Past campaigns

SSMU General Assembly motion 2016

At the Students’ Society of McGill University (SSMU) Winter 2016 General Assembly (GA) on February 22, 2016, the motion to support BDS was passed, with 512 in favour, 387 opposed, and 14 abstentions. However, in online ratification, the motion was nullified with 2819 (57%) voting no, 2119 (43%) voting yes, and 348 (6.6%) abstentions.

We will be pursuing recourse for the fact that there was illegal campaigning to vote no on the motion.

Thanks to everyone for all your support. The fight is not over.

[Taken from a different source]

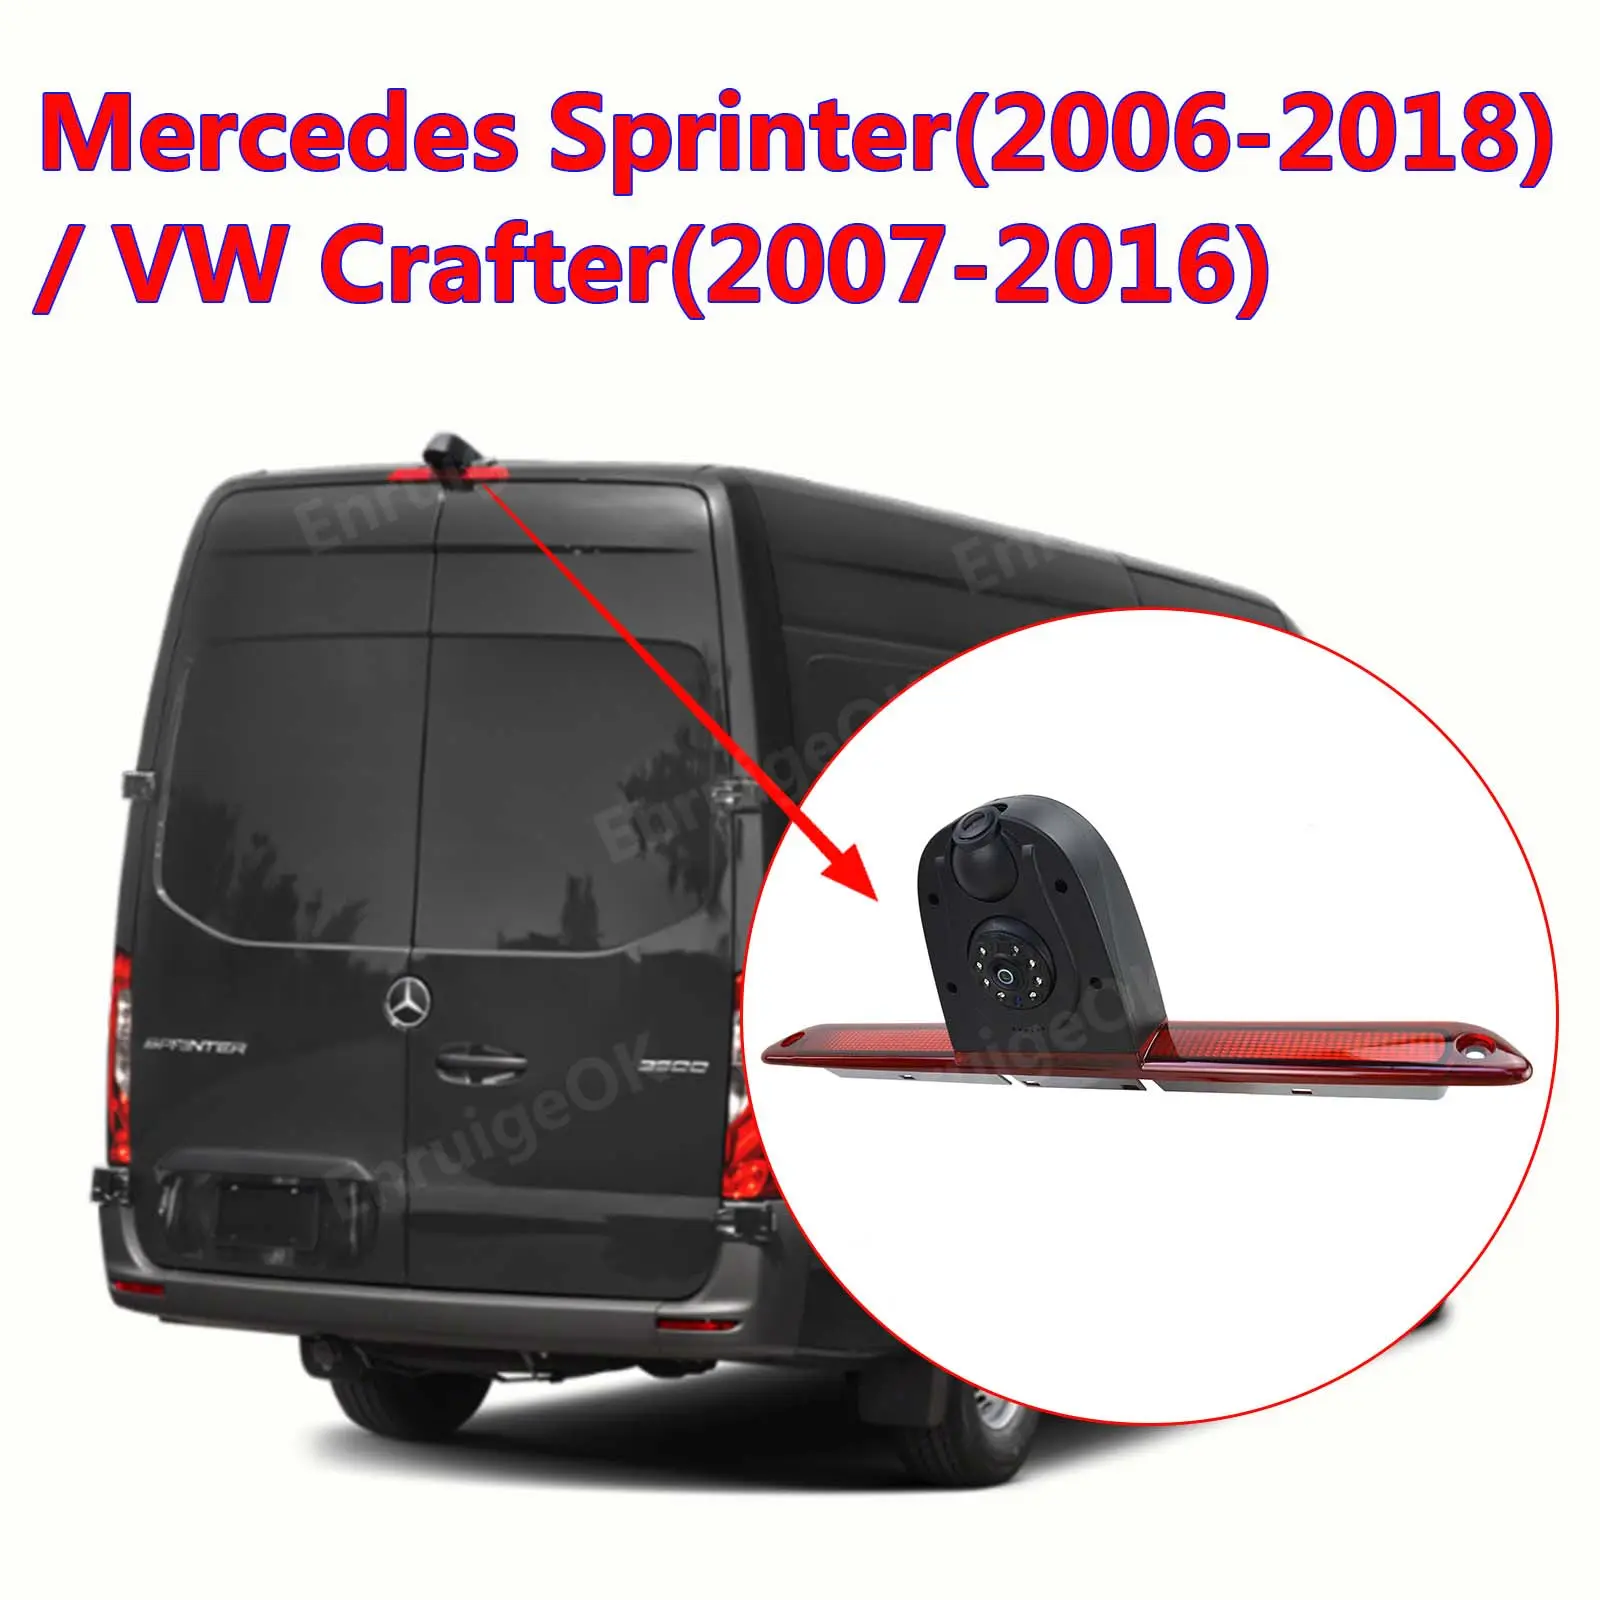 Lâmpada de freio para RV, lente grande angular dupla, lâmpada de freio para Mercedes-Benz Sprinter, VW Crafter, câmera de visão traseira

Motion Regarding Support for the Boycott, Divestment and Sanctions Movement:

WHEREAS, the SSMU Constitution states that “the SSMU commits to demonstrating leadership in matters of human rights [and] social justice,”1 and the SSMU Equity Policy states that “the SSMU – an organization working with individuals, in groups, within organizations, and across a wide social and political context – shall promote a functional and anti-oppressive environment”2 ;

WHEREAS, in 2005, over 170 Palestinian civil society organizations called for Boycott, Divestment and Sanctions (BDS) against Israel, and called “upon international civil society organizations and people of conscience all over the world to impose broad boycotts and implement divestment initiatives against Israel similar to those applied to South Africa in the apartheid era”3 ;

WHEREAS, this call for BDS states that such campaigns are to remain in place “until Israel meets its obligation to recognize the Palestinian people’s inalienable right to self-determination and fully complies with the precepts of international law by: 1. Ending its occupation and colonization of all Arab lands captured in 1967 and dismantling the Wall; 2. Recognizing the fundamental rights of the Arab-Palestinian citizens of Israel to full equality; and 3. Respecting, protecting and promoting the rights of Palestinian refugees to return to their homes and properties as stipulated in UN resolution 194”;

WHEREAS McGill holds investments in Mizrahi-Tefahot Bank,4 which operates branches in illegal Israeli settlements and provides mortgages to homebuyers and financial services to local authorities, and finances construction on settlements internationally recognized as illegal5 ;

WHEREAS, McGill holds investments in L-3 Communications,6 a company that supplied equipment to Israeli checkpoints and border crossings into Gaza, provided engines for Israeli tanks, and in collaboration with Elbit Systems assembled the Hermes 900 Unmanned Arial Vehicle (UAV) used in Operation Protective Edge, in which Palestinians were targeted by Israeli tank fire and air strikes7 ;

WHEREAS, McGill holds investments in Re/Max,8 which sells real estate in Israel’s illegal settlements, thereby facilitating and profiting from the transfer of Israeli citizens into settlements in occupied Palestinian territory, which violates article 49 of the Fourth Geneva convention9 ;

WHEREAS, similar measures have been taken by organizations including the United Methodist Church,10 the Presbyterian Church (USA),11 the Canadian Union of Postal Workers, the Canadian Union of Public Employees (Ontario), the Federation nationale des enseignantes et des enseignants du Québec,12 and student unions at Concordia University,13 York University,14 Carleton University,15 University of California Los Angeles (UCLA),16 Stanford University,17 Northwestern University,18 and DePaul University19;

BE IT RESOLVED, THAT the SSMU support campaigns associated with the BDS movement through the office of the VP External, including the campaign to divest from corporations complicit in the occupation of the Palestinian territories;

BE IT RESOLVED, THAT the SSMU President lobby the McGill Board of Governors in support of BDS campaigns by:

  • Reading a statement in support of divestment from companies profiting from violations of Palestinian human rights at all Board of Governors meetings;
  • Recommending no less than the complete divestment of holdings in such companies and implementation of an investment screen that would prevent future investments in similar companies.